Your instructions.
An image-free reproduction of the data below is needed: print it exactly.

Given information.
┄┄┄┄┄┄┄┄┄┄

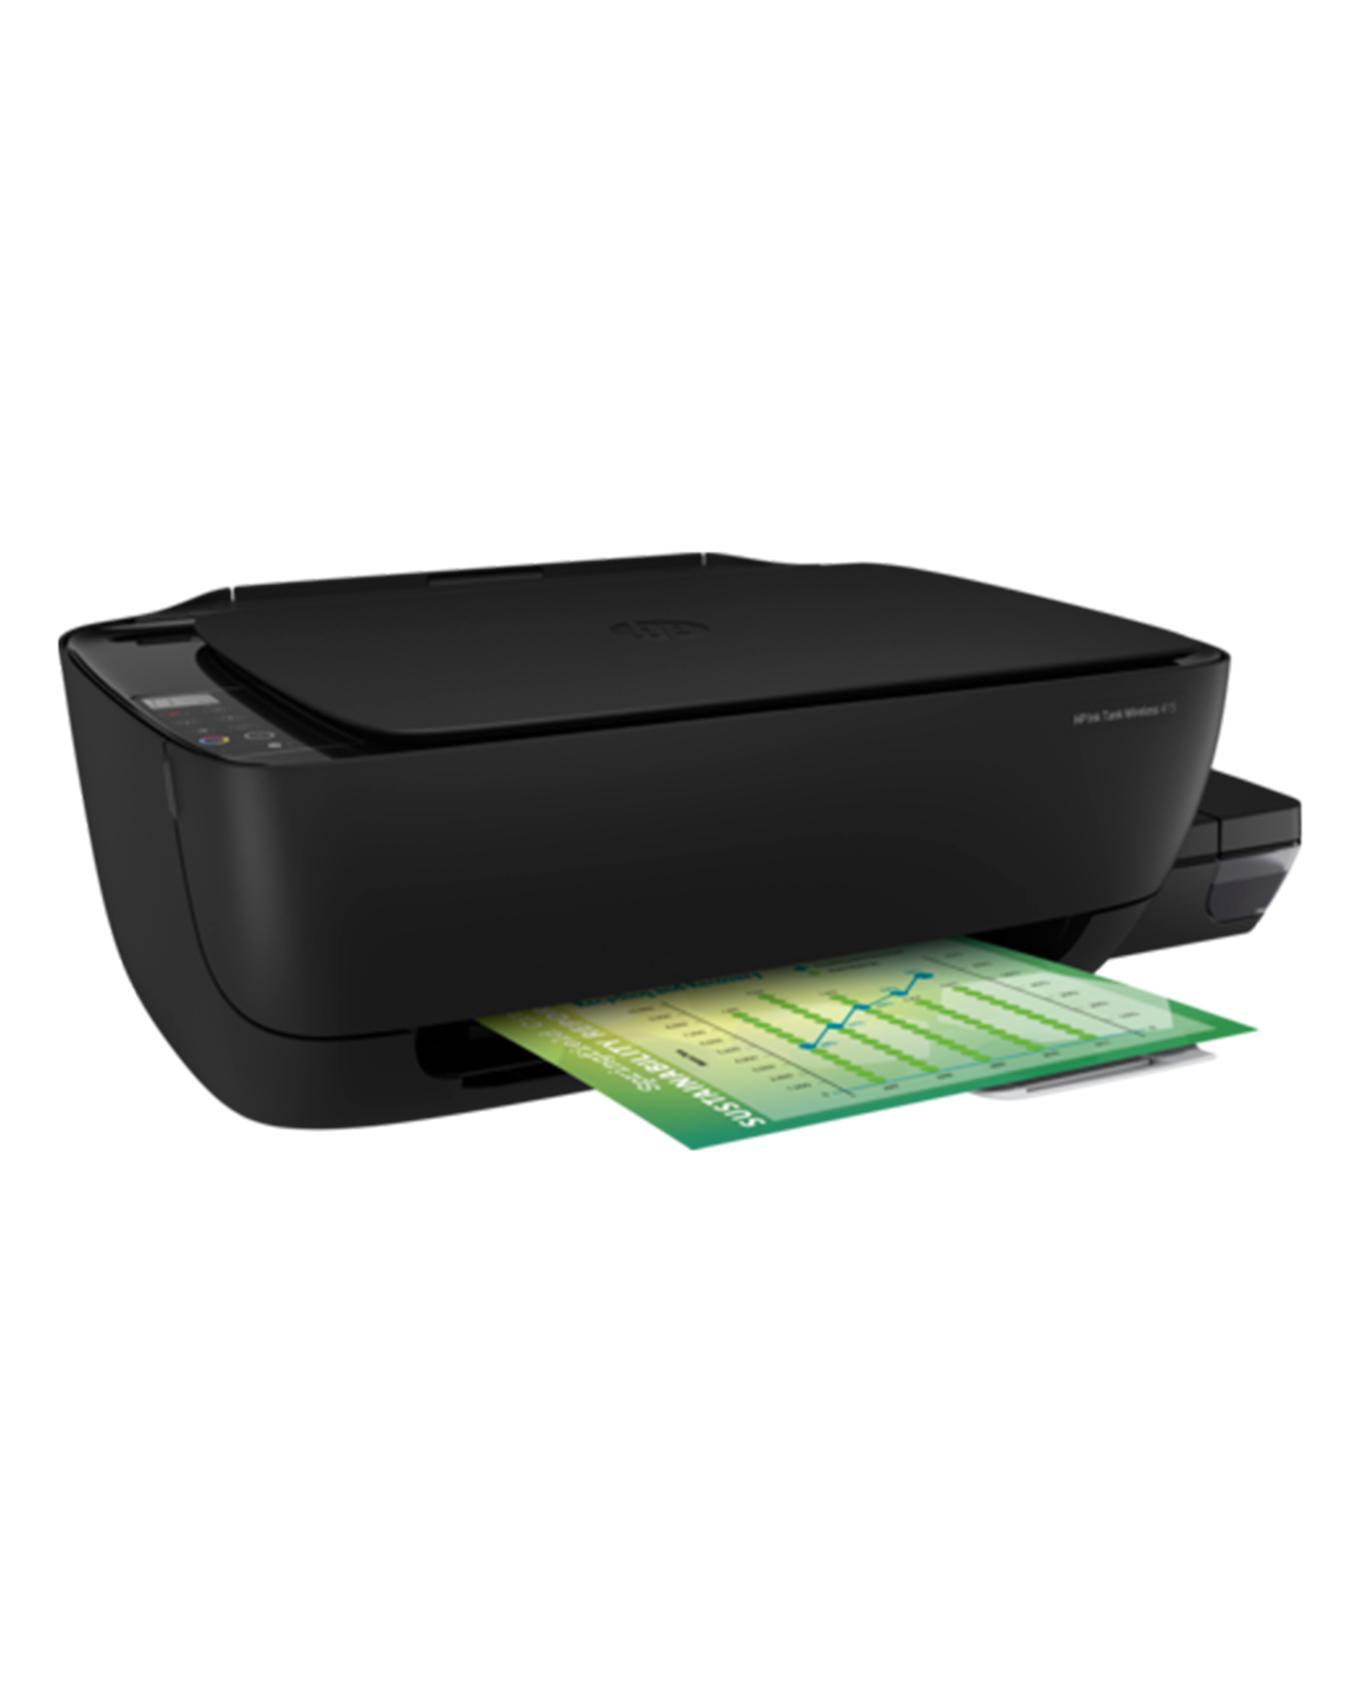 HP Ink AIO Printer Col Black TANK WL 415
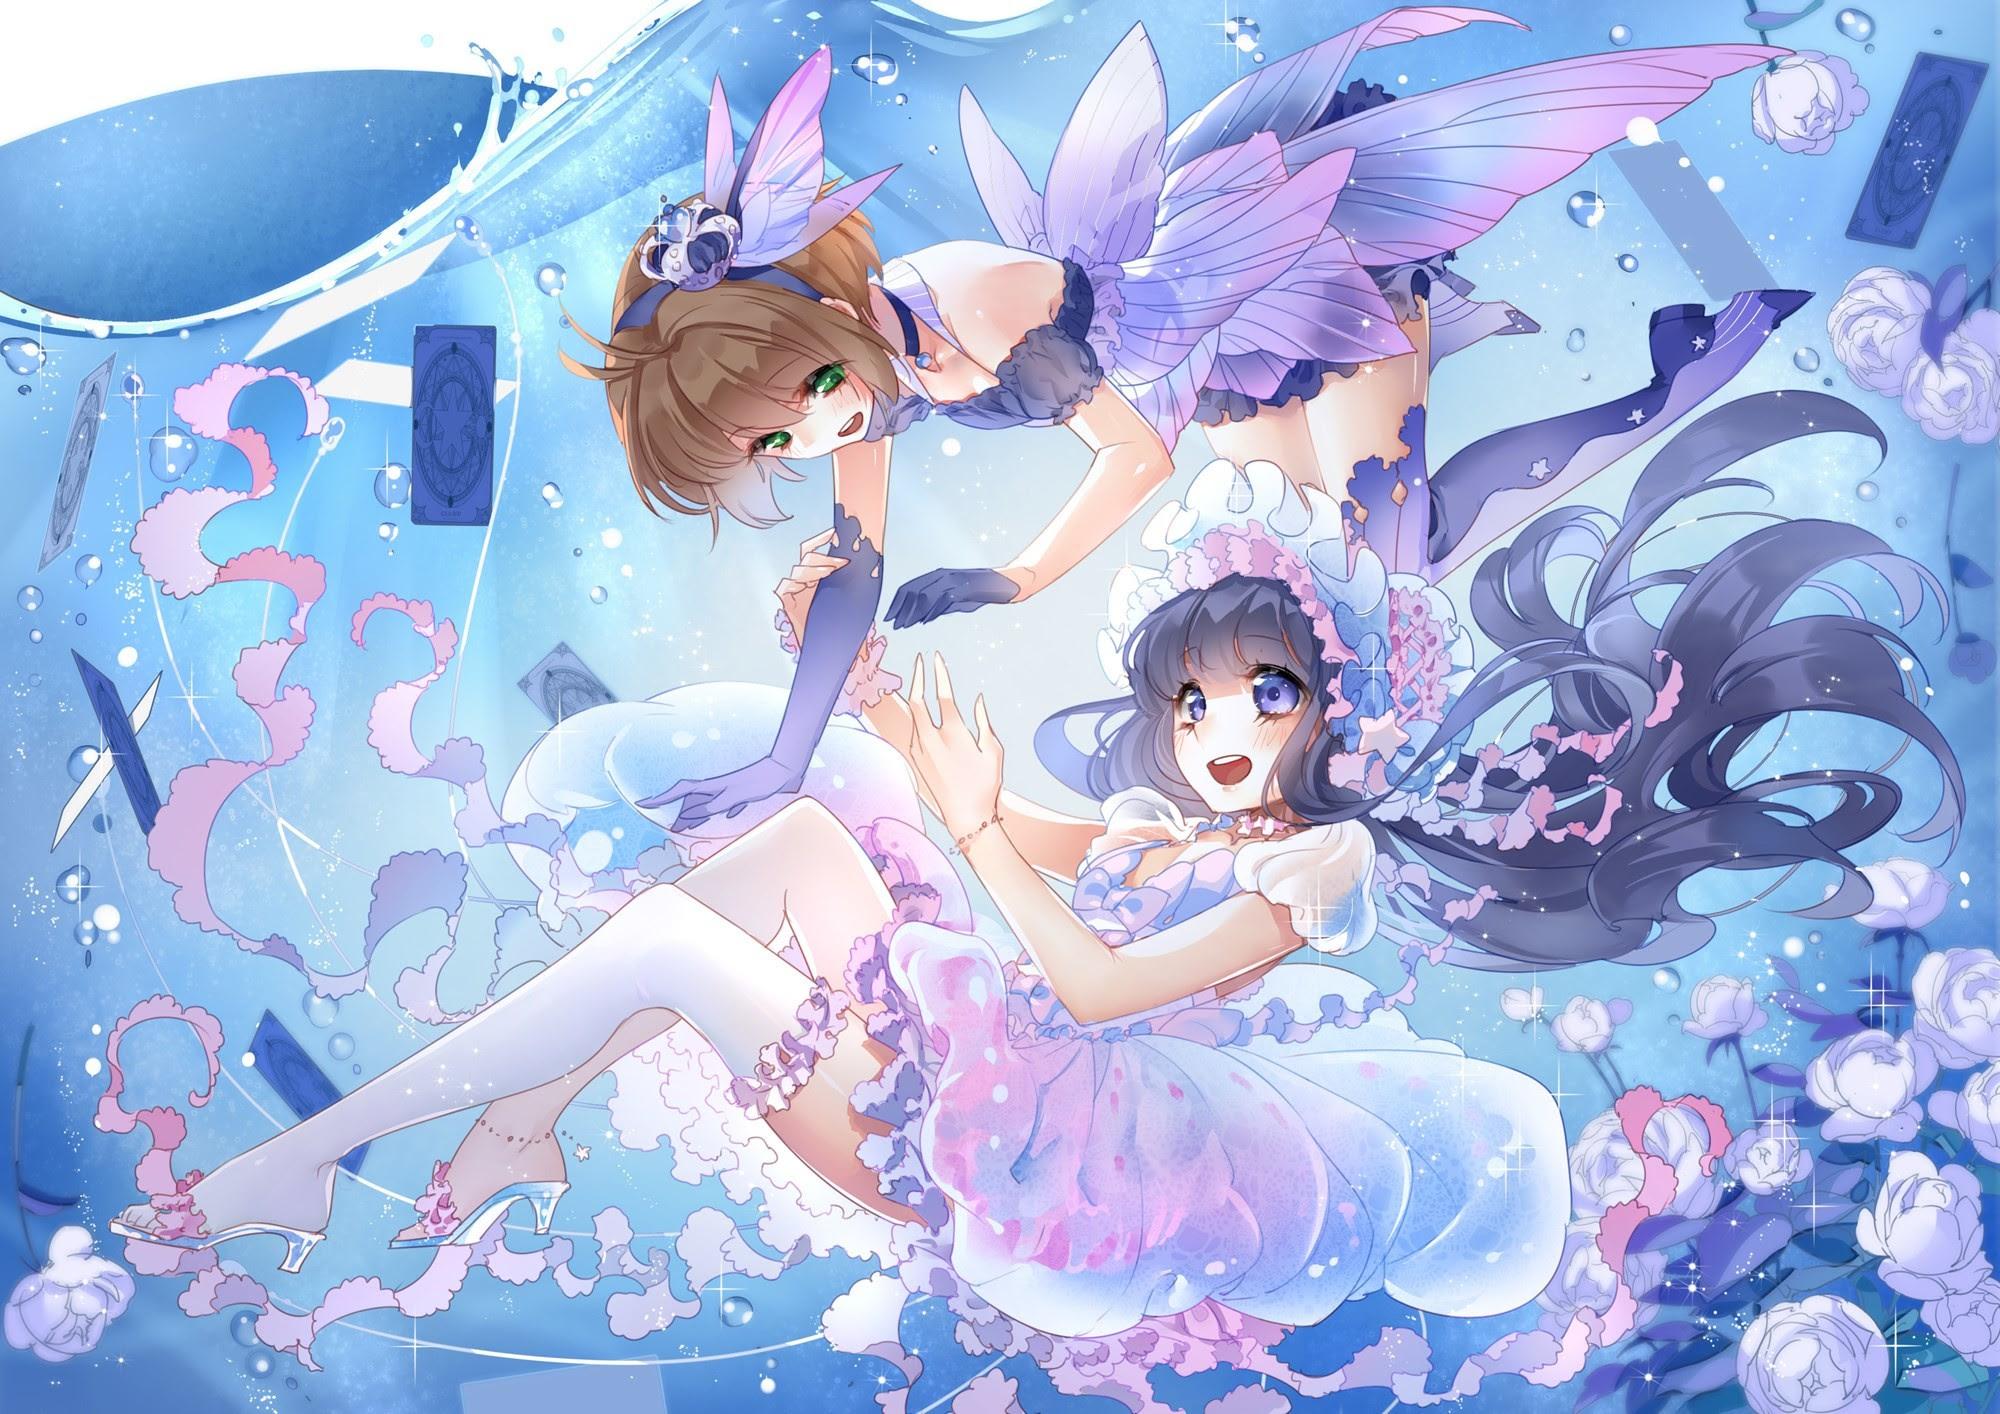 Cardcaptor Sakura Wallpaper 46 Images
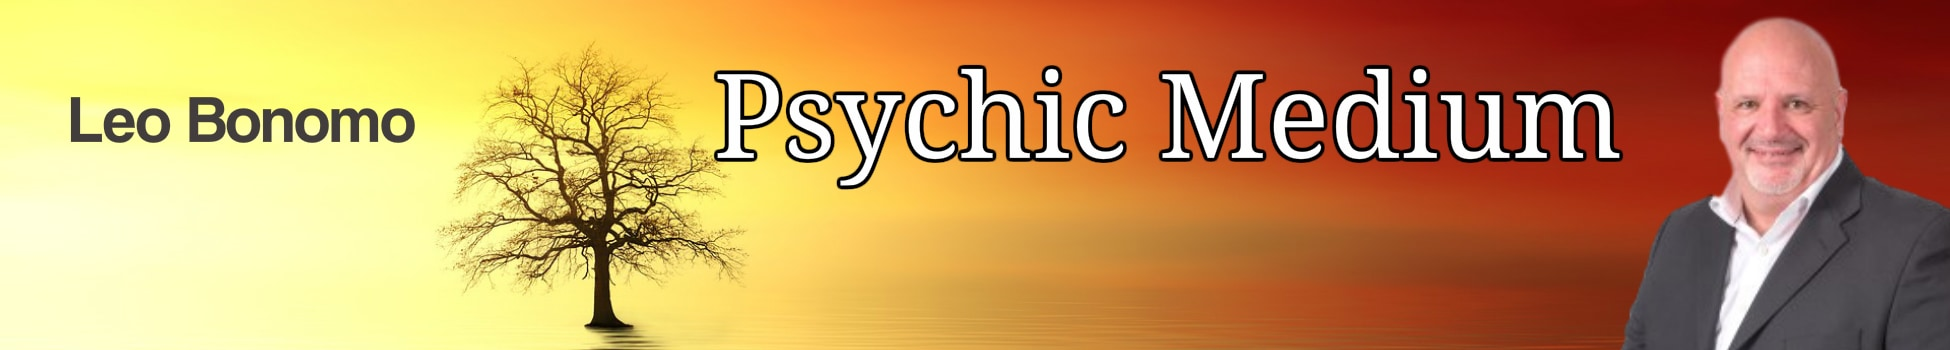 Book Leo Bonomo: insprirational clairvoyant medium and Psychic

┄┄┄┄┄┄┄┄┄┄

Completed exercise.
 HP Ink AIO Printer Col Black TANK WL 415
 Cardcaptor Sakura Wallpaper 46 Images
 Book Leo Bonomo: insprirational clairvoyant medium and Psychic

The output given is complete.